I am planning to use Flink to aggregate rental amounts by movie_title on the MovieRental DynamoDB stream and store the aggregated rental amounts in another DynamoDB table named RentalAmountsByMovie:
{movie_title, total_rental_amount}
How do I ensure that RentalAmountsByMovie amounts are always accurate. i.e. How do I prevent results from any checkpoint from not updating the RentalAmountsByMovie table records more than once?
Approach 1: I store the checkpoint ids in the RentalAmountsByMovie table and do conditional updates to handle the scenario described above?
Approach 2: I can possibly implement the TwoPhaseCommitSinkFunction that uses DynamoDB Transactions. However, according to Flink documentation the commit function can be called more than once and hence needs to be idempotent.
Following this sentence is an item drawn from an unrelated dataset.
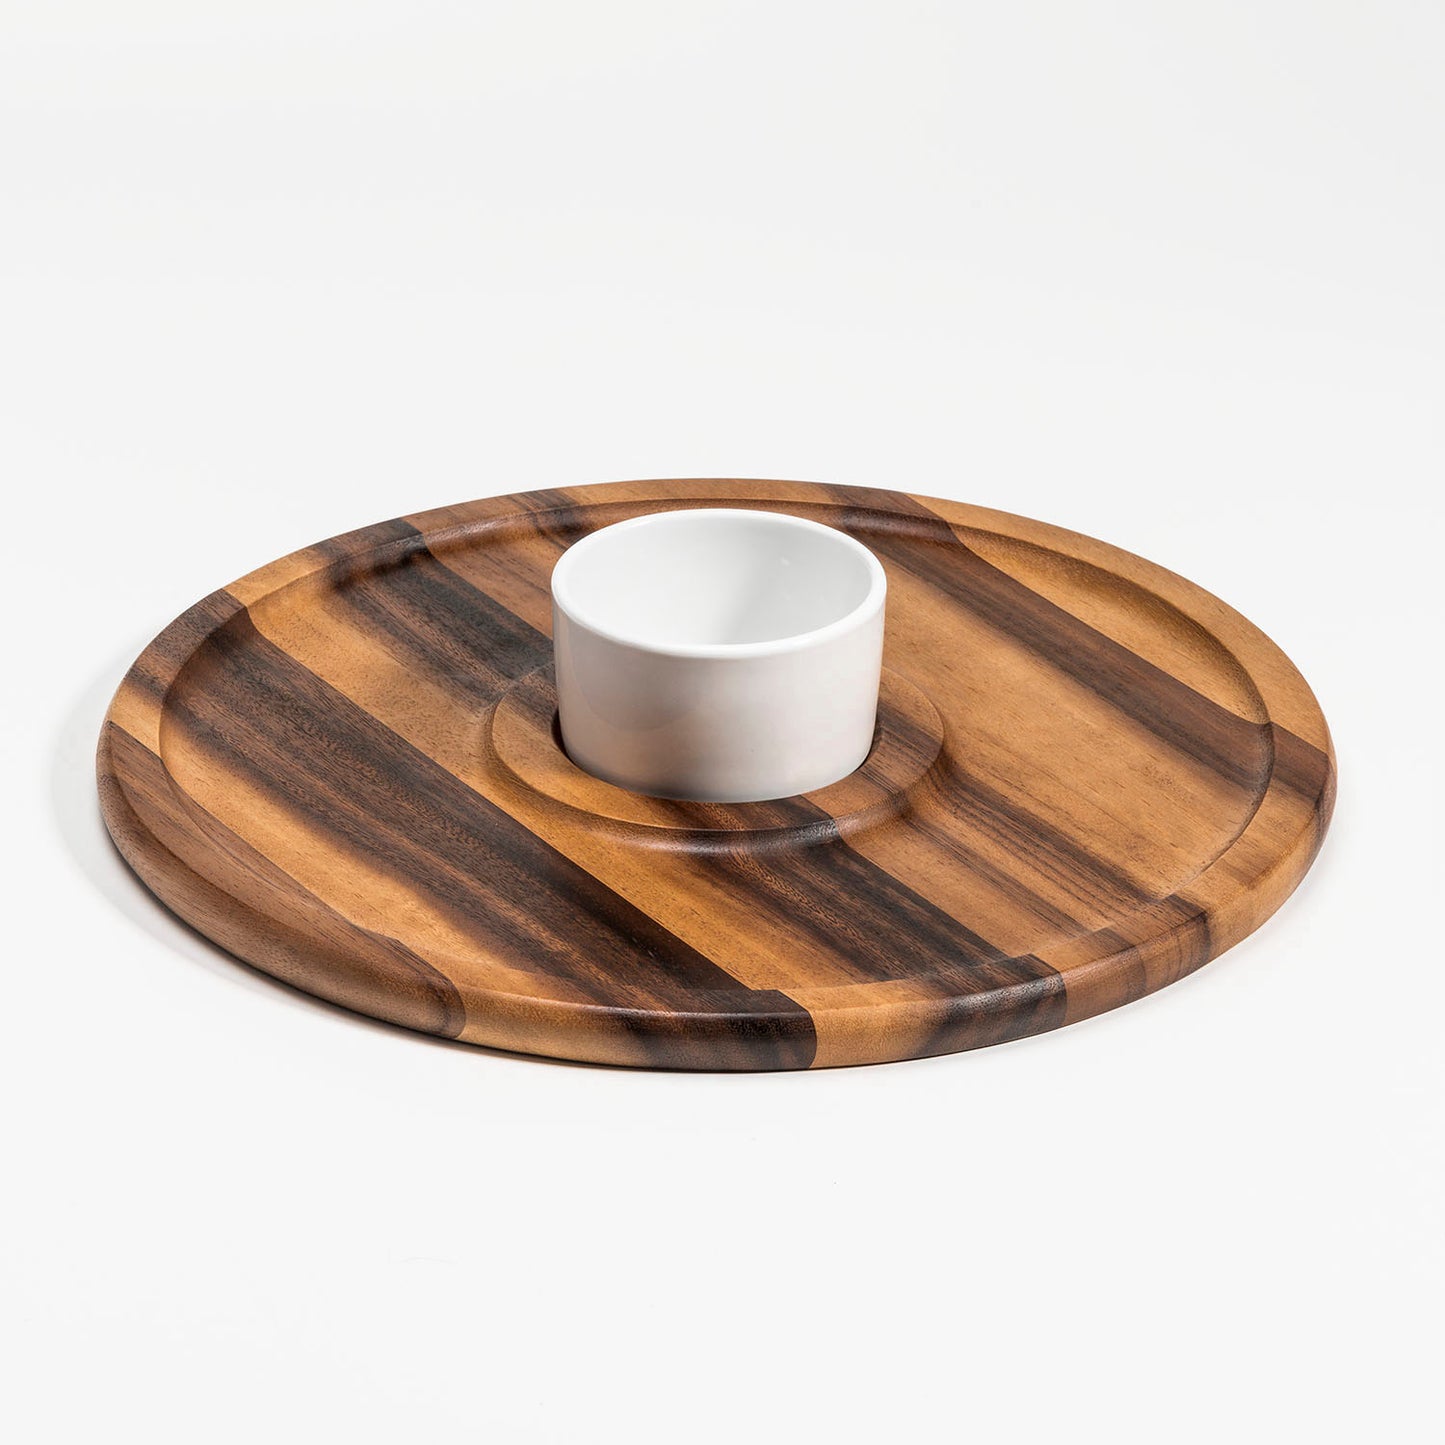 Large Wood Tray with Ceramic Dip Bowl

So even this solution requires checkpoint-ids to be stored in the target data store.
Approach 3: Another pattern seems to be just storing the time-window aggregation results in the RentalAmountsByMovie table: {movie_title, rental_amount_for_checkpoint, checkpoint_id}. This way the writes from Flink to DynamoDB will be idempotent (Flink is not doing any updates it is only doing inserts to the target DDB table. However, the webapp will have to compute the running total on the fly by aggregating results from the RentalAmountsByMovie table. I don't like this solution for its latency implications to the webapp.
Approach 4: May be I can use Flink's Queryable state feature. However, that feature seems to be in Beta:
https://ci.apache.org/projects/flink/flink-docs-release-1.9/dev/stream/state/queryable_state.html
I imagine this is a very common aggregation use case. How do folks usually handle updating aggregated results in Flink external sinks?
I appreciate any pointers. Happy to provide more details if needed.
Thanks!
Typically the issue you are concerned about is a non-issue, because folks are using idempotent writes to capture aggregated results in external sinks.
You can rely on Flink to always have accurate information for RentalAmountsByMovie in Flink's internal state. After that it's just a matter of mirroring that information out to DynamoDB.
In general, if your sinks are idempotent, that makes things pretty straightforward. The state held in Flink will consist of some sort of pointer into the input (e.g., offsets or timestamps) combined with the aggregates that result from having consumed the input up to that point. You will need to bootstrap the state; this can be done by processing all of the historic data, or by using the state processor API to create a savepoint that establishes a starting point.
I have many (order of 100s) pieces of data that I want to associate with a document in CosmosDB. Each piece of data is small (order of 100s of bytes).
My first solution was to store the data as an array inside the document. This works okay, but in order to append a new item to the array I need to read the document from CosmosDB, add the element, then replace the document back into CosmosDB.
Instead of doing this I would like to store each piece of data as its own document in the same partition. What are the drawbacks of having many tiny documents vs the one aggregated document?
What are the drawbacks of having many tiny documents vs the one
aggregated document?
I would like to say that i suggest you storing each piece of data,instead of one aggregated document.
Reason1:As you mentioned in your question,if you want to add the element into the document,you need to read the document from CosmosDB, then replace the document because the partial update is not supported by cosmos db so far.(Please refer to this feedback and follow it if you need:https://feedback.azure.com/forums/263030-azure-cosmos-db/suggestions/6693091-be-able-to-do-partial-updates-on-document) That's a huge and tedious work.
Reason2:If you store pieces of data,you can query them flat. (select * from c)
For one single array document,you need to use join to access the nested properties.(select a.array from c join array in c.array)
Reason3:If you store pieces of data,you could manage them into different partitions.Even though you don't need it now,why not keep the feature for the future.
Reason4:As to cost,it all depends the RUs and storage and requests to cosmos db will consume RUs. If you store pieces of data,you just need to access the specific document as you want which is more economical i think.
Depends on your use case.
For frequent add operations, you are first reading and updating the document back (2 operations) which will incur you more cost than creating a new document (1 operation).
However, if the documents are having some sort of relationships (like foreign keys in traditional SQL), getting data would require multiple queries if you go with approach #1 above (have more cost) otherwise, you'll get the complete data in a single query (low cost).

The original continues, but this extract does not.